TASK GOAL — Only the lines below starting at the one that contains "15th century fortified" and ending at the one that contains "track by Drake." are to be reproduced, exactly and with both ends kept.

[Items from a data source]

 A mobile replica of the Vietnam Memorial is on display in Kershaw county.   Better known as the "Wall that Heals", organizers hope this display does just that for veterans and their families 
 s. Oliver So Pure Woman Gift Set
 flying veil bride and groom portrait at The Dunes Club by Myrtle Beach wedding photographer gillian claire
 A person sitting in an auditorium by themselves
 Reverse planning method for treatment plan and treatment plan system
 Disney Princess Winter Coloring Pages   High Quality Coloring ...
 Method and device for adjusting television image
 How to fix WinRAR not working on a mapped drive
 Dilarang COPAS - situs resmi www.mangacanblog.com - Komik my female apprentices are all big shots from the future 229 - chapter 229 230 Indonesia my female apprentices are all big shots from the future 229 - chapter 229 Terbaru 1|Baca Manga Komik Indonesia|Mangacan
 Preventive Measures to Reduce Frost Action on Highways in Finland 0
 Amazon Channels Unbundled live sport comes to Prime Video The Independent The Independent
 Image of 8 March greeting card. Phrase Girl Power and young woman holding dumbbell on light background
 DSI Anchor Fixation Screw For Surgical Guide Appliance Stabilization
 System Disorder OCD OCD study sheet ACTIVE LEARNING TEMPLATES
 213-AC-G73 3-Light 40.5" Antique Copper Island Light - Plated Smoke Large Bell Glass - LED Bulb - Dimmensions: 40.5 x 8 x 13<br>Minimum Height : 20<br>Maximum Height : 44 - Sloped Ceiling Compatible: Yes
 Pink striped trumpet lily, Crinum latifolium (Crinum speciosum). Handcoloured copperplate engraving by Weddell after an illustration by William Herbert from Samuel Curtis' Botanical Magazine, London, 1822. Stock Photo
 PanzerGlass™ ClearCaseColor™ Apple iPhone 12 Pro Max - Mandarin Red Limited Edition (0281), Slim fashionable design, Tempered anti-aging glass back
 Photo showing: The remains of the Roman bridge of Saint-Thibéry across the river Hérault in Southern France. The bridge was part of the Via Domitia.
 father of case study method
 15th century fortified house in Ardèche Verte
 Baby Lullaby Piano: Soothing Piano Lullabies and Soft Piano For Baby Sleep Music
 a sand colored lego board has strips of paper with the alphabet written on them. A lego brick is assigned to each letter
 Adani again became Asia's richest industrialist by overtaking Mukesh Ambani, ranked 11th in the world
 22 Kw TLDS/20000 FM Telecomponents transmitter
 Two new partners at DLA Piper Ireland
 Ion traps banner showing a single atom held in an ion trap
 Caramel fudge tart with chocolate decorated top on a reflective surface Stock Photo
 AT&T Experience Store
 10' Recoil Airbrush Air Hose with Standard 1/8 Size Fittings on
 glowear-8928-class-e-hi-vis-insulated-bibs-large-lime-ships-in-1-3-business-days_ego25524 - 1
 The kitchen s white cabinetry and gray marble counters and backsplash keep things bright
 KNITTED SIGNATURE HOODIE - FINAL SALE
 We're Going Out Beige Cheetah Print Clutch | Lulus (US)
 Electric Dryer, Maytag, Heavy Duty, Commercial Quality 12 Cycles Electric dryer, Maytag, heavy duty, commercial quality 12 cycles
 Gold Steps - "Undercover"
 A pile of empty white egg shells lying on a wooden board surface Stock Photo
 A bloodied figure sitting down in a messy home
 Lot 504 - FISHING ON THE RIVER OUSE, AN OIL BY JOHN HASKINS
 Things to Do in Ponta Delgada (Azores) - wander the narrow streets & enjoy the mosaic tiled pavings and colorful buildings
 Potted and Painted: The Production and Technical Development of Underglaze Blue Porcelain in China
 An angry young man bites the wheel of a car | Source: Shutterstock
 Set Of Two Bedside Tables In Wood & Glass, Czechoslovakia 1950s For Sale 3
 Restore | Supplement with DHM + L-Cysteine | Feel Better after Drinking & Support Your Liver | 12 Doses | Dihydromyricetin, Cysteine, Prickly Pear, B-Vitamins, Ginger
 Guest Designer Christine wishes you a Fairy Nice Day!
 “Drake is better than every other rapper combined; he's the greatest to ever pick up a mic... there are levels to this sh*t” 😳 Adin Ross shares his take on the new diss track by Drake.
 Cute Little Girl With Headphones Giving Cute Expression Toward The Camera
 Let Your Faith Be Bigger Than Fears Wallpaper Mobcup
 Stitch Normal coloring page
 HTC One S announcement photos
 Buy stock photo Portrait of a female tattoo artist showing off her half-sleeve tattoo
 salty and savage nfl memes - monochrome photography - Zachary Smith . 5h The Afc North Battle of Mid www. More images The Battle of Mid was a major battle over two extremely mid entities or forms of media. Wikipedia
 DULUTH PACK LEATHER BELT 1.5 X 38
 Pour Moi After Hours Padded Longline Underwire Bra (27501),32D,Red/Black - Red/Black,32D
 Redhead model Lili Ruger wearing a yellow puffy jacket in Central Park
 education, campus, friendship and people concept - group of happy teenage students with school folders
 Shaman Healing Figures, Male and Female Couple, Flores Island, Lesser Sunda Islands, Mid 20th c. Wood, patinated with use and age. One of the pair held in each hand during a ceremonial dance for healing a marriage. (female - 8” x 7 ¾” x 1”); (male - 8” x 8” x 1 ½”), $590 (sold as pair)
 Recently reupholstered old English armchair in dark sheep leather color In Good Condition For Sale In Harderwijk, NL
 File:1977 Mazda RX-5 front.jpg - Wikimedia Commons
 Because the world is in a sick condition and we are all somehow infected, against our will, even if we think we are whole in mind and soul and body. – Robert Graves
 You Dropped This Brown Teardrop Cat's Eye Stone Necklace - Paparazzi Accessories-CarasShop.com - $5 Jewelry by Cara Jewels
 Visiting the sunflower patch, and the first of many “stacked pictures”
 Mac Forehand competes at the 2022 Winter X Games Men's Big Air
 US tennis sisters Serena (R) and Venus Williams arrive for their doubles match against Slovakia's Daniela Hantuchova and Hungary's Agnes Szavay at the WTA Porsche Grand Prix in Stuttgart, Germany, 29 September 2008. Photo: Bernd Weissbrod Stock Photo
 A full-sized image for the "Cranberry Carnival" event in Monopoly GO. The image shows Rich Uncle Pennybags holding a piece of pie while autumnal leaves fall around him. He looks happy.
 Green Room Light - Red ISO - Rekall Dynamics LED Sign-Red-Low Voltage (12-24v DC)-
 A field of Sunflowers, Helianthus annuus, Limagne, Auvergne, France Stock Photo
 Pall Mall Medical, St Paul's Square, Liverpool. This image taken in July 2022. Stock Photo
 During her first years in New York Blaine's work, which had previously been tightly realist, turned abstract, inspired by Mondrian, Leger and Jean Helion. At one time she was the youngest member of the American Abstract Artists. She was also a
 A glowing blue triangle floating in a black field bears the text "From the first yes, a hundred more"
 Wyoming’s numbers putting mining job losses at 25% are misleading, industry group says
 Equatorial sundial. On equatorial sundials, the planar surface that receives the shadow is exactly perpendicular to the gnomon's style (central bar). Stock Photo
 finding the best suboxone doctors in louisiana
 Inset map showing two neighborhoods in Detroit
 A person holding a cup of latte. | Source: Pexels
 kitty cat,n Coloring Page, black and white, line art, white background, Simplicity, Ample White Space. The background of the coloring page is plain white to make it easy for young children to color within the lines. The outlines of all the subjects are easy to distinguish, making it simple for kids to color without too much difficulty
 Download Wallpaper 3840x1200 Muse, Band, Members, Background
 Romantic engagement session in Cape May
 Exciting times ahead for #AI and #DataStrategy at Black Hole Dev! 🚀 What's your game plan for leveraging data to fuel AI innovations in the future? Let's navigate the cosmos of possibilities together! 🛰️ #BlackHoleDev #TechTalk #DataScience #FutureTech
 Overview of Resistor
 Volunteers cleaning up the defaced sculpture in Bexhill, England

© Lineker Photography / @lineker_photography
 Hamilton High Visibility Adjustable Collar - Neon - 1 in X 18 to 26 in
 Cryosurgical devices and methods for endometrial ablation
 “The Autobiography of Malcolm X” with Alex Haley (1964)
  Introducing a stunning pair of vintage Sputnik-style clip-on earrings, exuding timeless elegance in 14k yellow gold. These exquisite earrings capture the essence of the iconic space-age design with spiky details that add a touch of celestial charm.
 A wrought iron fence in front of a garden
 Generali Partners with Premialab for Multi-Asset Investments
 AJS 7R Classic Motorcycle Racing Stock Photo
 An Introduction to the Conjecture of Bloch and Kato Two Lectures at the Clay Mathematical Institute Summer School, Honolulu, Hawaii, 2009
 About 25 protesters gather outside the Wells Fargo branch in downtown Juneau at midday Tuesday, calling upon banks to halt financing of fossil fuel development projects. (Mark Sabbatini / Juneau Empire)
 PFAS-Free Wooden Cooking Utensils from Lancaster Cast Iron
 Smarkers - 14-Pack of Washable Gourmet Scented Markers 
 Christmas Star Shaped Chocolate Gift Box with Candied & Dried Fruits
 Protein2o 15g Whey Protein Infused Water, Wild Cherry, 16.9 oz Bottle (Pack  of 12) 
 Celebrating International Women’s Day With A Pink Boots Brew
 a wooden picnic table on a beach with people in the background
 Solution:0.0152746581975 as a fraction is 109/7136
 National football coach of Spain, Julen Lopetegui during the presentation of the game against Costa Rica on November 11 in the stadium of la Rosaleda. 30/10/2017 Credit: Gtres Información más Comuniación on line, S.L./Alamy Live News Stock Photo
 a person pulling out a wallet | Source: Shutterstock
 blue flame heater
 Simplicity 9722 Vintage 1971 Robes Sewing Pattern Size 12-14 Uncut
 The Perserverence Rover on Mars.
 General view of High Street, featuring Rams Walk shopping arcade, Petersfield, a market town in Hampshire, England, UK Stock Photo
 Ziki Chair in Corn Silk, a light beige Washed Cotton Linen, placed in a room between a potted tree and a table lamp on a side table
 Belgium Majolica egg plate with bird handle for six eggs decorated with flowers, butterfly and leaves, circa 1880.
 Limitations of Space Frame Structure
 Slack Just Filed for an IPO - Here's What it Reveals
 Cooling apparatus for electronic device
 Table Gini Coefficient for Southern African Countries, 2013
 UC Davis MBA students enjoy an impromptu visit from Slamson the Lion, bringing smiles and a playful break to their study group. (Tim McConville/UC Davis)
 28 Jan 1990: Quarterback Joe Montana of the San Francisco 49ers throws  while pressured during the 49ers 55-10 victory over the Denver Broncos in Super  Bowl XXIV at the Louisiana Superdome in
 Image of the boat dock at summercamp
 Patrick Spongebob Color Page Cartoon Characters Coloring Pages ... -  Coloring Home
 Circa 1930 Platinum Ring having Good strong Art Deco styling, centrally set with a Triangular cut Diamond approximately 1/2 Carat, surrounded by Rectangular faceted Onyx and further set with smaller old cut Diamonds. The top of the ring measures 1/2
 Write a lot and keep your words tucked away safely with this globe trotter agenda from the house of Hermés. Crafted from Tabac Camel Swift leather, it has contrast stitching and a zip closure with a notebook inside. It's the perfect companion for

RESPONSE FOR THIS EXERCISE —
 15th century fortified house in Ardèche Verte
 Baby Lullaby Piano: Soothing Piano Lullabies and Soft Piano For Baby Sleep Music
 a sand colored lego board has strips of paper with the alphabet written on them. A lego brick is assigned to each letter
 Adani again became Asia's richest industrialist by overtaking Mukesh Ambani, ranked 11th in the world
 22 Kw TLDS/20000 FM Telecomponents transmitter
 Two new partners at DLA Piper Ireland
 Ion traps banner showing a single atom held in an ion trap
 Caramel fudge tart with chocolate decorated top on a reflective surface Stock Photo
 AT&T Experience Store
 10' Recoil Airbrush Air Hose with Standard 1/8 Size Fittings on
 glowear-8928-class-e-hi-vis-insulated-bibs-large-lime-ships-in-1-3-business-days_ego25524 - 1
 The kitchen s white cabinetry and gray marble counters and backsplash keep things bright
 KNITTED SIGNATURE HOODIE - FINAL SALE
 We're Going Out Beige Cheetah Print Clutch | Lulus (US)
 Electric Dryer, Maytag, Heavy Duty, Commercial Quality 12 Cycles Electric dryer, Maytag, heavy duty, commercial quality 12 cycles
 Gold Steps - "Undercover"
 A pile of empty white egg shells lying on a wooden board surface Stock Photo
 A bloodied figure sitting down in a messy home
 Lot 504 - FISHING ON THE RIVER OUSE, AN OIL BY JOHN HASKINS
 Things to Do in Ponta Delgada (Azores) - wander the narrow streets & enjoy the mosaic tiled pavings and colorful buildings
 Potted and Painted: The Production and Technical Development of Underglaze Blue Porcelain in China
 An angry young man bites the wheel of a car | Source: Shutterstock
 Set Of Two Bedside Tables In Wood & Glass, Czechoslovakia 1950s For Sale 3
 Restore | Supplement with DHM + L-Cysteine | Feel Better after Drinking & Support Your Liver | 12 Doses | Dihydromyricetin, Cysteine, Prickly Pear, B-Vitamins, Ginger
 Guest Designer Christine wishes you a Fairy Nice Day!
 “Drake is better than every other rapper combined; he's the greatest to ever pick up a mic... there are levels to this sh*t” 😳 Adin Ross shares his take on the new diss track by Drake.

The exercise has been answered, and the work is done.